I have been thinking a lot today about this work I heard Dan Fishback read last evening at Dixon Place. The work talked about what it means for him, born in 1981, the same year as the AIDS crisis began, to grow up gay in the shadow of this thing, in the wreckage of this thing. It was an insanely beautiful piece and really moved me a great deal. To see someone work with such big themes in such successful ways, someone working the theme of being born in 1981, the year also of my own birth, really made me want to get my shit together and take writing more seriously, that there are really great things to be written, to attempt to say, and to witness one of my peers articulate things so well and in such a lovely fashion really made me want to spend more time in front of my laptop (and not on Facebook).
I sat next to Diego in the space, had gone with him to happy hour earlier at the Stonewall, where some young kid had proudly showed off the staples in his head to me while I was alone at the bar and awaiting Diego's company. The kid was real young looking and was sort of bragging about this "design," telling me in too flip a fashion that his boyfriend had broke a glass over his head the other evening at Barracuda and he had to get staples in his head at the emergency room. I eyed the clock behind the bar out of the corner of my eye, wondering where Diego was, wondering why this person was so crazy, wondering where I was.
The work that Dan read talked about a lost generation of gays, things and people and a culture lost. It talked about awkward adolescent moments of sex. It talked about Catwoman and Madonna and gays being persecuted currently around the world. After the reading ended, I gave Diego a gigantic hug, pulled him close to me, and wanted to feel connected, knew that I was connected to this person, that I cared so much about him, and wanted to make this known, so gave him a hug, shared a moment physically to somehow convey the impression left on us by the reading.
I had another drink in the lobby of the place, walked with Diego to Parkside Lounge and left there quickly, not really wanting to be there and walked up to Erica's house, bought some whiskey along the way, and thought about this life I am living.
I have Pandora on and "Nada Personal" is playing right now. I am losing the focus I had intended to bring to this thing, distracted by this song, by my hunger, by the fact that Jacob is coming over very shortly and that I told him I would make him dinner and that really I should get to that project, the project of feeding our bodies rather than this thing, this Internet thing. But this feeds something in me also, less easily identifiable a hunger than the one that food sates, but a hunger still.

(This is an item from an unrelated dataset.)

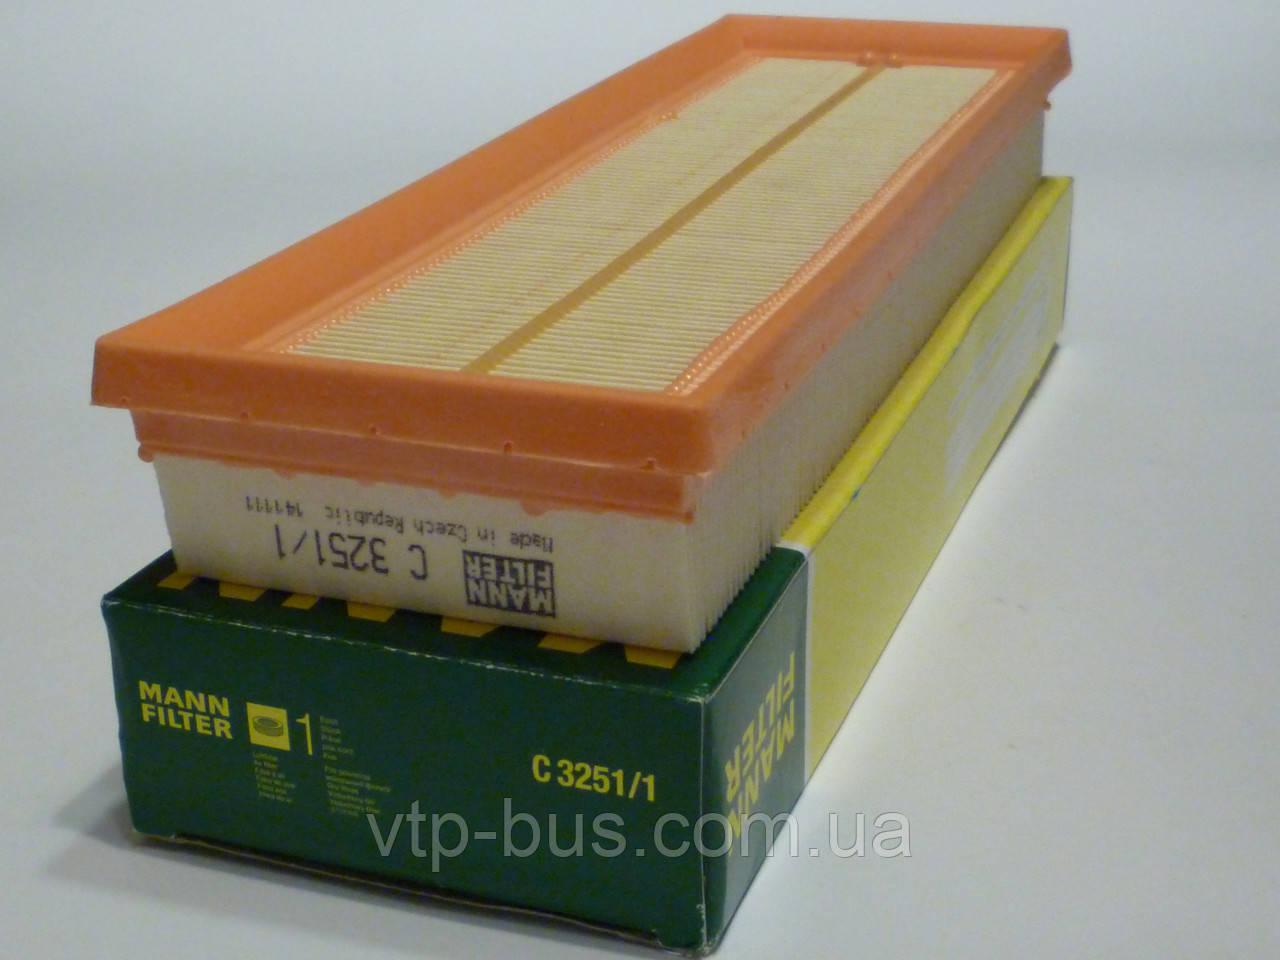 Воздушный фильтр на Рено Трафик / Opel Vivaro 1.9dCi (2001-2006) MANN-FILTER (Германия) C3251/1

I was cleaning my bathroom earlier this evening and there was a Virgin Mary trinket from a necklace that was here when I moved into the apartment and I had too much guilt then to throw it away, thought it a bad omen to do so. Raised Catholic and the thought of sin and sacrilege still present, some idea of consequences, of the sacred. Today, I decided though that I didn't purchase the thing, that I didn't need to hold on to it, and tossed it in the garbage.
A couple weeks ago, my aunt, my dad's sister, mailed me a box of things of his. She asked me not to throw it away if I didn't want the stuff, to send it back. They were cheap and tacky knick-knacks, a couple of religious necklaces. I left the box underneath my bed for a couple weeks, really not wanting any of it and not wanting to mail it back to my aunt who would have been real offended and even more sure that I was out to piss all over the memory of her brother, who she has some religious devotion to in her own aging state now. I threw the box away, wanted it out of my house, out of my space, that to even store these items somewhere buried in a back corner would have some energy in this space that I didn't want. If it was a Pink Floyd album or something else of his that I remember of him, I would have kept it, but they were these maudlin items that I could only imagine him buying when very near death from lung cancer and wanting to somehow atone for a life of sin. I don't carry things with me. I am trying not to. I let them go, set them on curbs on trash days. I am trying to travel light.